For publications by Witness Lee and the Local Church write
to:
Living Stream Ministry
1853 W. Ball Rd.
P.O. Box
2121
Anaheim, CA 92804
EXPERT OPINION AND THE BIAS OF
EXPERTS
by Brooks Alexander
Expert witnesses often testify in lawsuits. The
rules of evidence prevent most witnesses from drawing conclusions, that is, from
testifying about anything other than the bare facts of the case. "Experts," on
the other hand, are called in precisely for their ability to draw conclusions.
Normally, expert witnesses do not say what the facts are, but what
they mean - in their opinion.
Jurors are are (sic) often baffled by
the "battle of experts," in which each side presents a battery of learned men,
talking about obscure, technical subjects and drawing opposite consclusions
(sic) from the same body of facts. Cross-examination is particularly
important in dealing with such witnesses. Close questioning of an expert will
often reveal that his expertise is inadequate to support his conclusions, or
that his opinions are rendered on a subject beyond his real expertise.

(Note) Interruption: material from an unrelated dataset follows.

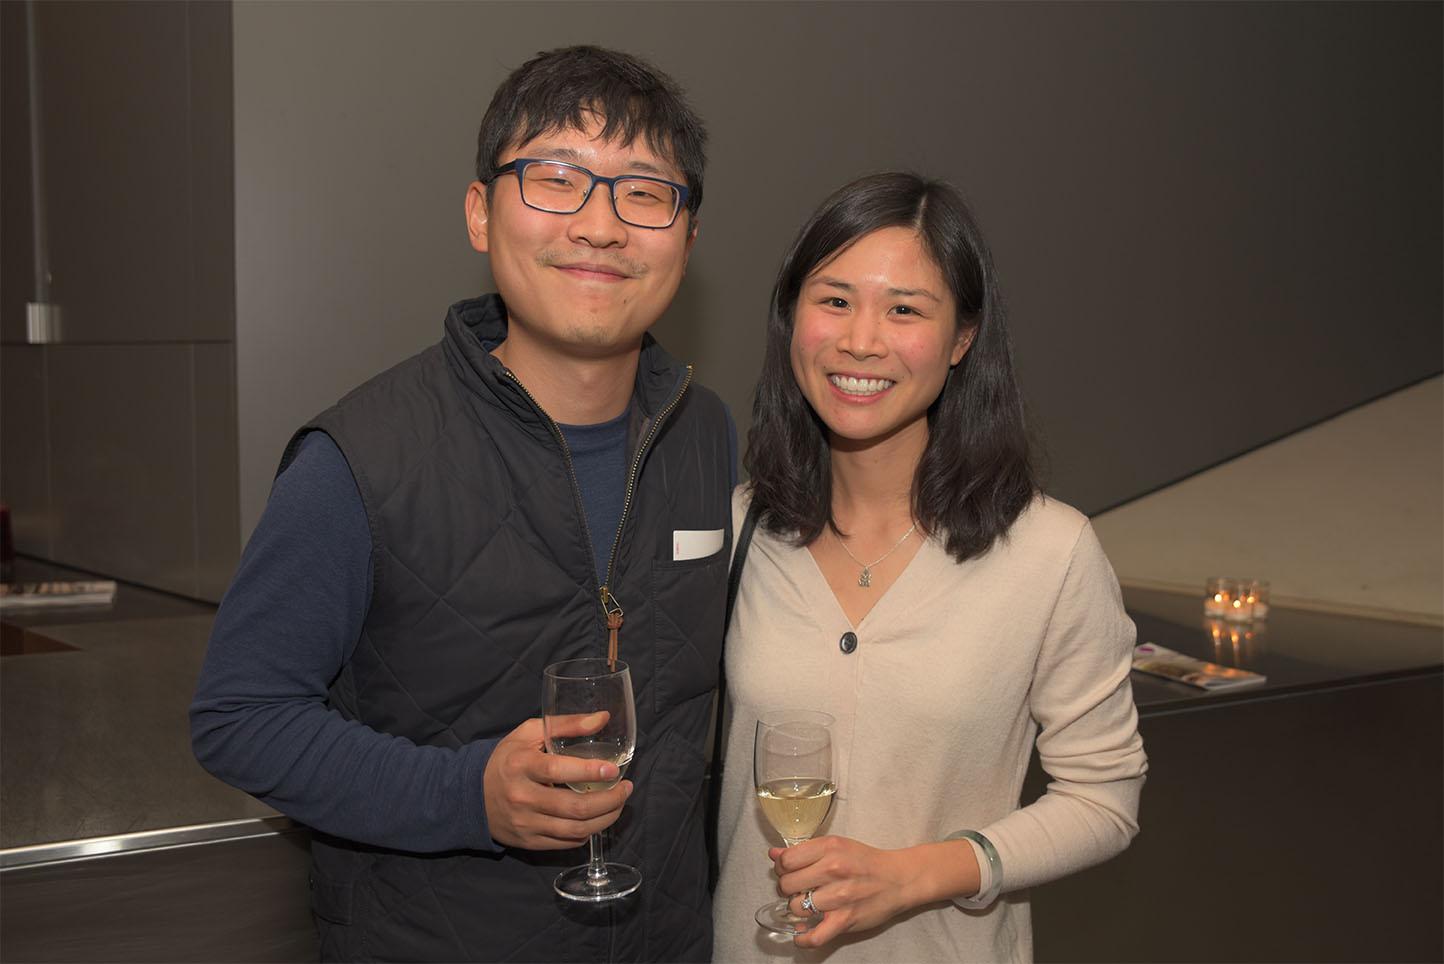 Joseph and Leanne Lim

When there is a default hearing, as there was
in Lee v. Duddy, expert witnesses may feel encouraged to offer
their opinions in a less than rigorous way, knowing that they will not be
contradicted or cross-examined.
In this case, we feel that the judge relied on
opinions drawn by experts whose testimony was of little actual legal value for
various reasons that we shall examine.
The Big Guns
The plaintiffs enlisted a number
of experts to testify on their behalf and against SCP at their default hearing.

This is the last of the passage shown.